Second, and directly related to our previous point, the structure of democratic preferences we uncover (in particular, the resistance of citizens to major violations of democracy) questions main tenets of the “democratic backsliding” literature. In a seminal article on the potential decay of contemporary democracies, (26) points out that the old, classical forms of democratic breakdown (mainly coups and blatant electoral fraud) have given way, in recent decades, to processes of dedemocratization by stealth, notably through executive aggrandizement and the strategic manipulation of elections and electoral institutions. Even though the causes and the mechanisms of this process of democratic erosion often remain imprecise in the literature, backsliding theorists generally agree on the following story (27, 28). Increasing societal polarization (either caused by cultural or economic changes or perhaps simply spurred by populist politicians) generates a reservoir of intensely partisan voters that political incumbents can employ to peel off democratic checks and norms one at a time until their electoral advantage becomes insurmountable. This story does not seem to be borne, however, by our findings. A strong majority of our respondents seem unwilling to live in a society where leaders do not respect the fundamental tenets of democracy. This, in turn, should make it hard for political incumbents to violate central democratic norms and institutions while sustaining their initial electoral coalition, at least in middle- and high-income democracies. Our results are in fact in line with a growing empirical literature that does not find much evidence pointing to the decline and death of democracy today (29–31).
This does not mean, however, that democracies cannot collapse. As pointed out before, our study uncovers, in each of the countries under study, a nondemocratic minority that, if well-organized, could act to frustrate and suppress widespread support for democracy. But rather than being linked to a backsliding story, this result takes us back to a long tradition in democratization theory that stresses social conflict, the role of economic and political elites and organizations (in relationship to that conflict), and the use of violence to explain authoritarian politics (32–34). It is there where we may still need to look at to understand the mechanics of democratic breakdowns.
Materials and Methods
Conjoint Experiment.
In the conjoint experiment, each individual was presented with seven pairs of alternative societies and was then asked both to choose one among the pair and to rate each alternative on a scale from 0 to 10 (SI Appendix, Fig. S1 includes the “Survey Instructions” given to each respondent. SI Appendix, Fig. S2 reproduces an example of the vignette faced by respondents. At several points at the beginning of the survey experiment, respondents were told to assume constant prices across scenarios). This generated about 28,000 observations per country (number of respondents 7 2). At the start of the survey, we stated that participation was voluntary and that information would be published in an anonymous form. Respondents were also given the contact information of Princeton IRB before they were asked to consent.
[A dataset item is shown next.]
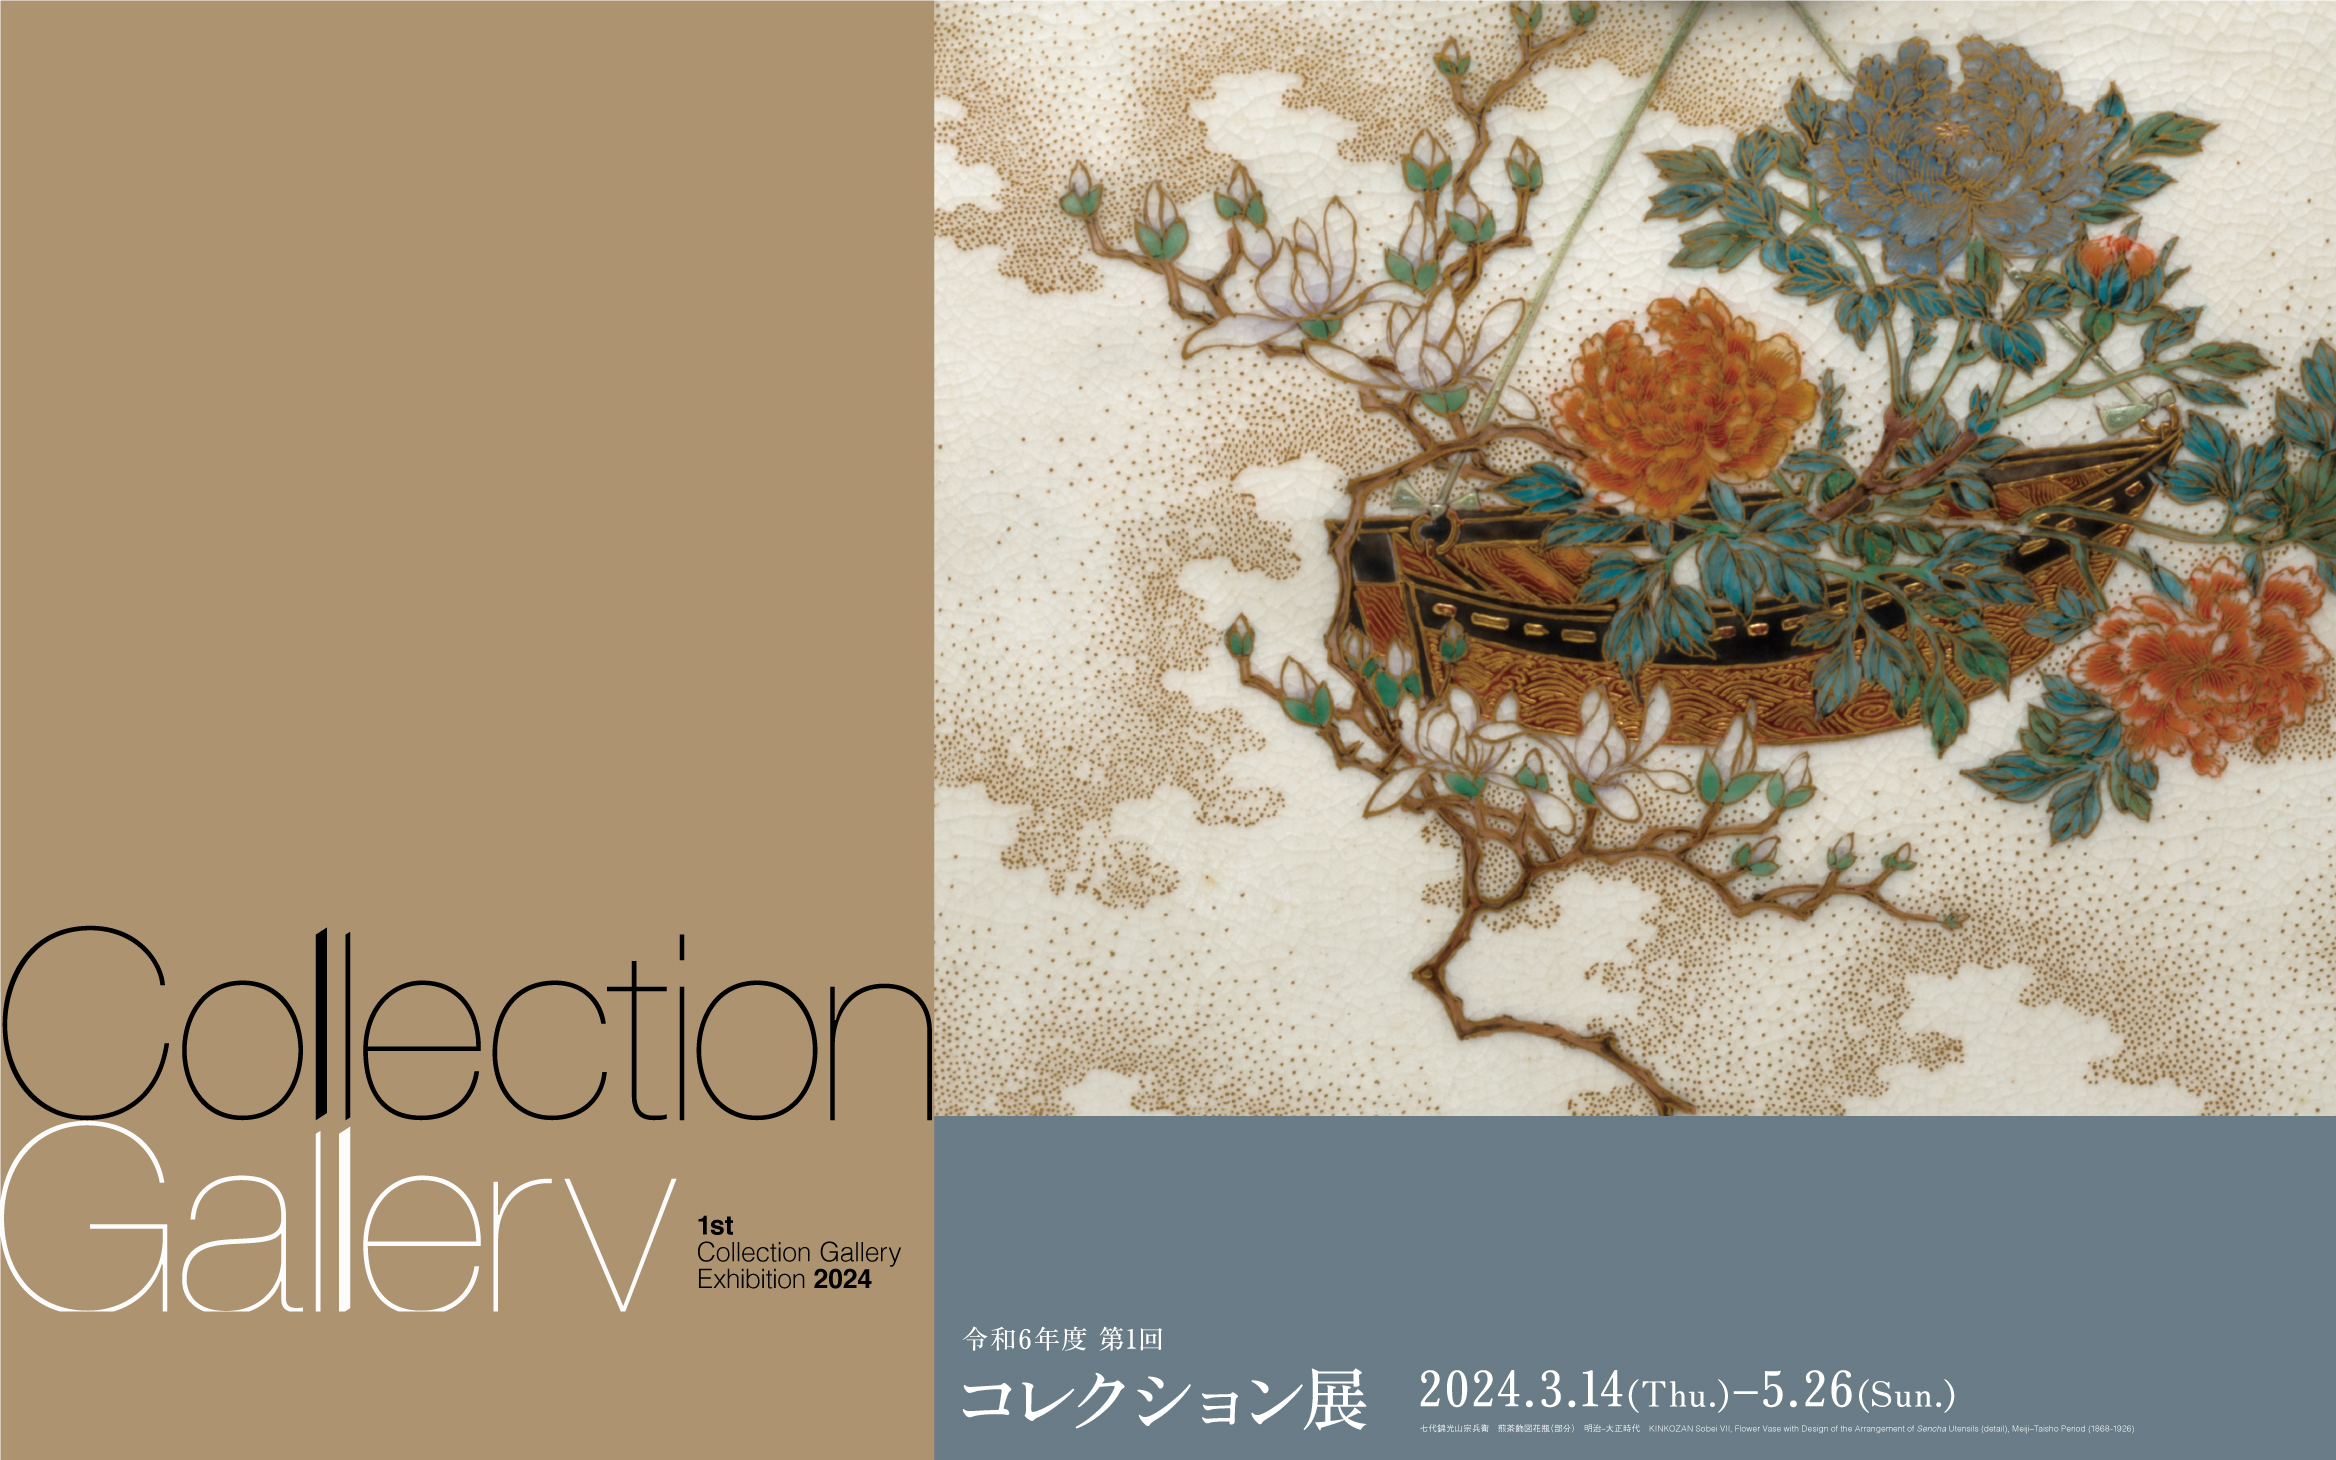 1st Collection Gallery Exhibition 2024–2025

The conjoint experiment contained six attributes that, without possibly being exhaustive given the limits of any conjoint (18), aimed at describing the broad political and economic traits (summarized in Table 1) that define a given society and the respondent’s position in it:
-
1.
Individual monthly income, which we randomized over five variants, each one equivalent to 1.25, 1.1, 1, 0.9, and 0.8 times the average monthly income in each country at the time of the survey.
-
2.
Average monthly income of society, for which we considered the three variants of 1.5, 1, and 0.8 times the average monthly income in country at the time of the survey.
-
3.
Political institutions. The treatment was randomized over two alternatives. In the first one, the individual was informed that “people choose the national government through free elections.” In the second one, the respondent learned that “there are no free elections to choose the national government” [On the scholarly literature that examines the use of the term “free elections” as a key element (and a shortcut) to define democracy, see refs. 35 and 36).
-
4.
A public health insurance system, introduced to convey the presence of a comprehensive welfare state. Respondents were either informed that “there is a public health system paid by an income tax” or told that “health is not covered by a public health system.”
-
5.
Our fifth treatment described the underlying general social norms defining personal advancement. In the first scenario, respondents were informed that either “personal connections matter more than effort to get ahead.” In the second one, we learned that “effort is more important than personal connections to get ahead.” This distinction around the presence or absence of meritocratic principles has been consistently validated as a crucial dimension along which respondents across countries characterize how their own society and economy operate. See, for example, ref. 37.
-
6.
Our final treatment described the extent of inequality in each hypothetical society, randomized over two possibilities: a relatively equal society where “the maximum income in the country is (2 times the average monthly income) and the minimum is (0.5 times that the average monthly income)” and a relatively unequal society where “the maximum income in the country is (4 times that the average monthly income) and the minimum is (0.25 times that the average monthly income).” Notice that because the average monthly income can take three values, the income inequality treatment could take any of six variants. The magnitude of this treatment, that we label “more equal society” entails a reduction in the ratio of the maximum to the minimum income in society of 75% (i.e., from 16 to 4).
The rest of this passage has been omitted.